▶ [DIRECTIONS]: Only these lines of the data below are wanted: the one with "Ein Mann, der", the one with "Barry.wang Fashion Green", and any lines between them, each repeated exactly.

▶ [EXERCISE DATA]:
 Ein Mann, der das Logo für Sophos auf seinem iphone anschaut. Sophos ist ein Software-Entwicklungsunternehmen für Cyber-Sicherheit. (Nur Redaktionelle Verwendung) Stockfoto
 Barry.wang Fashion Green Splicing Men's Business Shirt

==

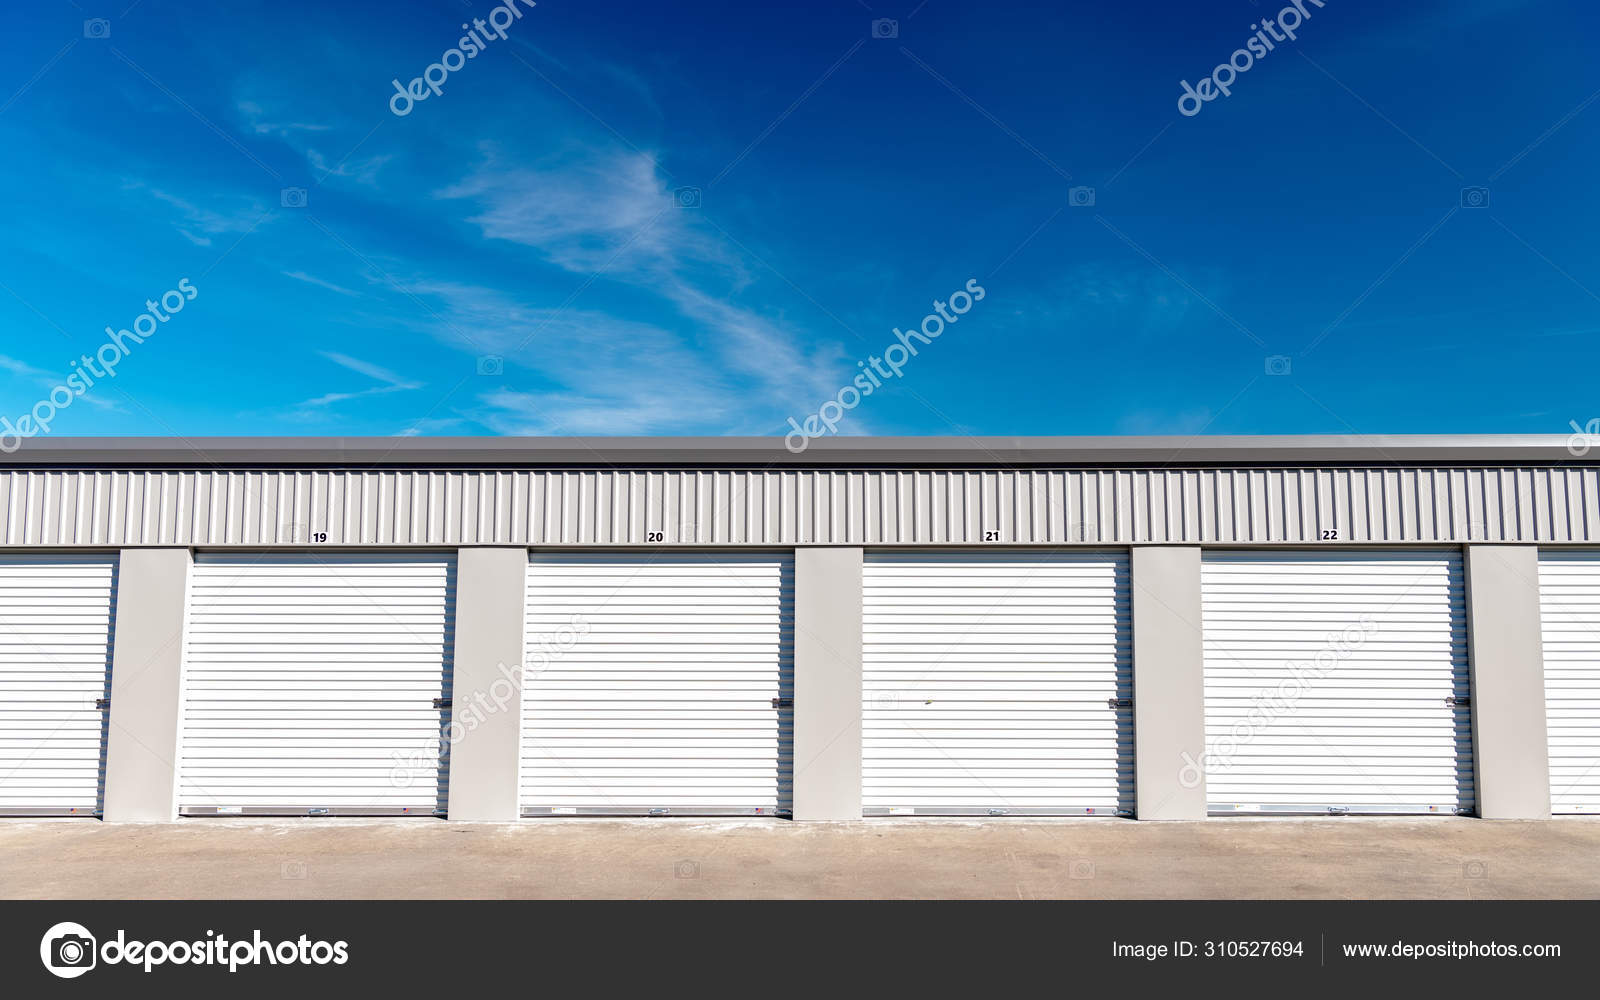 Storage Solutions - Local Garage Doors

▶ [THE COMPLETED TASK]:
 Ein Mann, der das Logo für Sophos auf seinem iphone anschaut. Sophos ist ein Software-Entwicklungsunternehmen für Cyber-Sicherheit. (Nur Redaktionelle Verwendung) Stockfoto
 Barry.wang Fashion Green Splicing Men's Business Shirt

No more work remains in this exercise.